14. The system of claim 11, wherein training the keyword detection model comprises maximizing a second loss between the keyword enrollment embedding and the corresponding nonmatching keyword test embedding determined for reach respective audio data sample of each of the other sets of utterances.

15. The system of claim 11, wherein the audio data samples comprise at least one of:

non-synthetic audio data samples; or

synthetic audio data samples.

16. The system of claim 11, wherein each audio data sample of the respective one of the sets of utterances comprises speech characteristics speaking the corresponding utterance different than at least one other audio data sample of the respective one of the set of utterances.

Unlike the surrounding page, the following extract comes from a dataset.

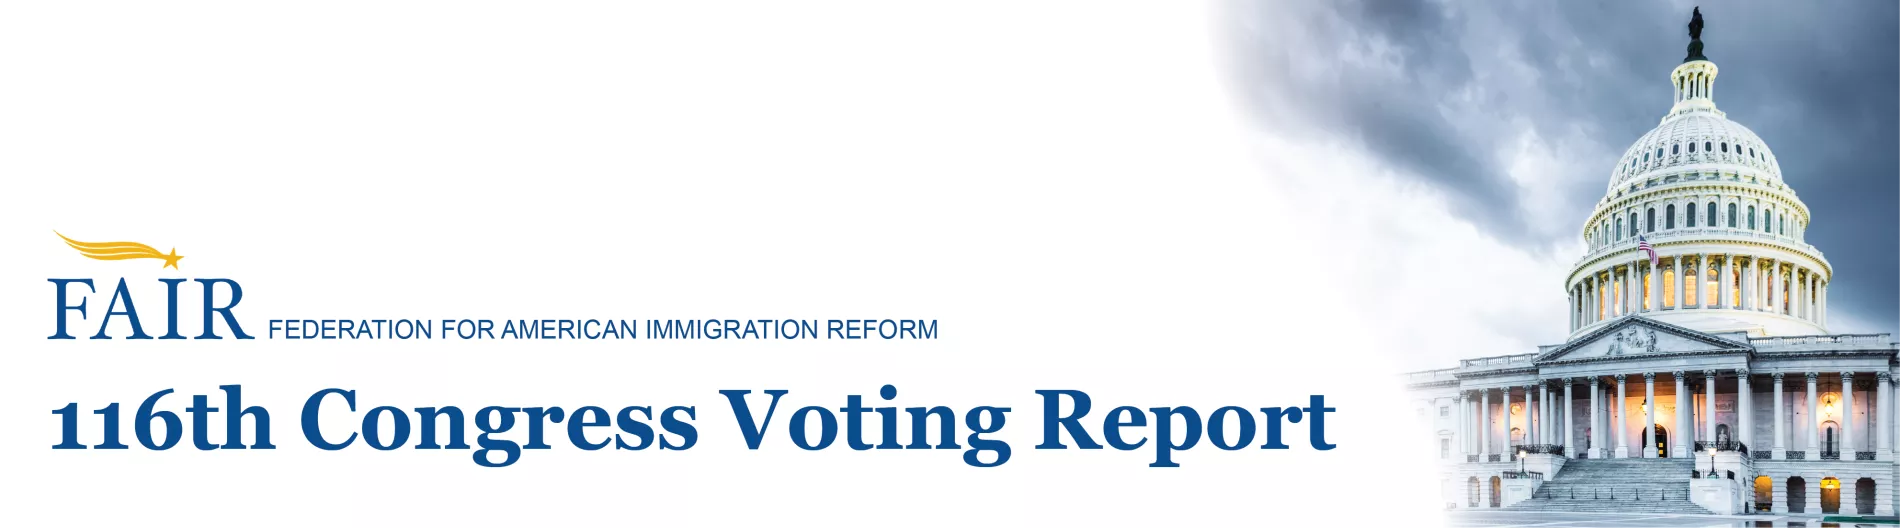 Voting Report header image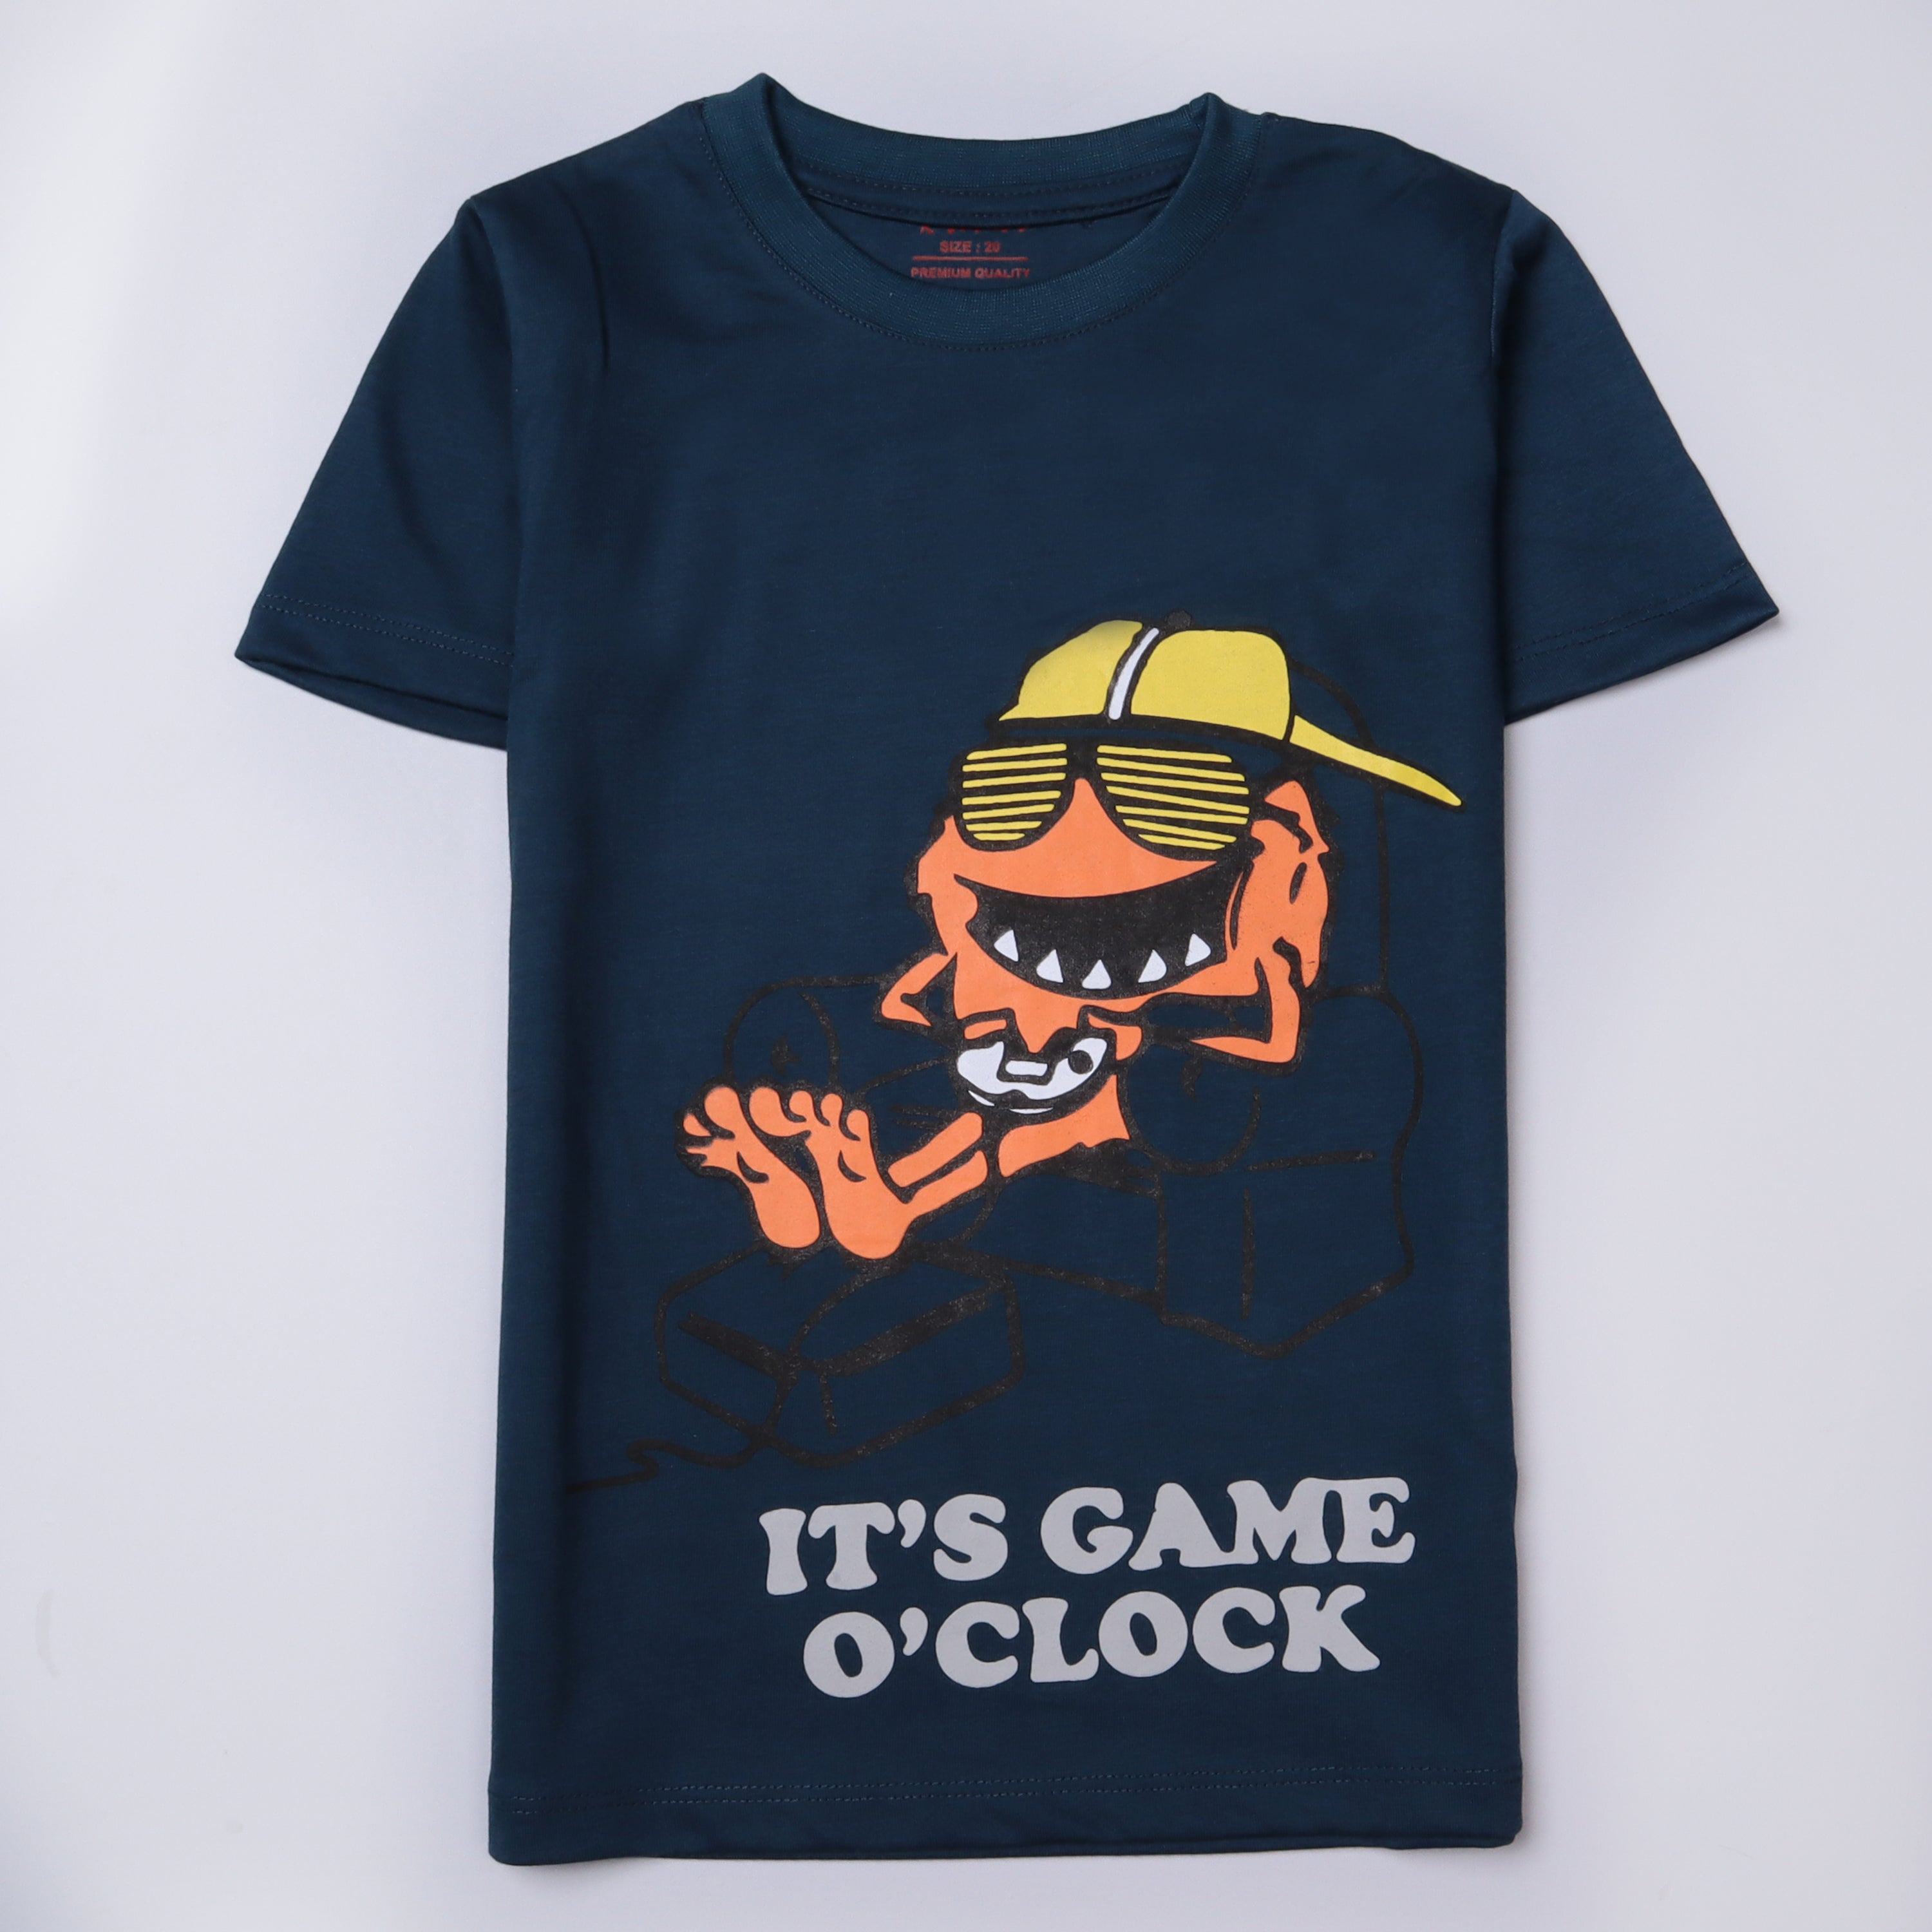 Boys Half Sleeves-Printed T-Shirt (Game2)

17. The system of claim 11, wherein, for the respective one of the set of utterances, the operations further comprise:

assigning one or more audio data samples from the respective one of the sets of utterances to the enrollment subset; and

assigning each other audio data sample from the respective one of the sets of utterances not assigned to the enrollment subset to the test subset.

18. The system of claim 11, wherein the corresponding utterance of each respective set of utterances comprises a user-defined custom keyword.

19. The system of claim 11, wherein:

determining the keyword enrollment embedding comprises determining the keyword enrollment embedding using an encoder of the keyword detection model; and

determining the corresponding matching keyword test embedding comprises determining the corresponding matching keyword test embedding using the encoder of the keyword detection model.

20. The system of claim 19, wherein the encoder comprises a plurality of multi-head attention layers.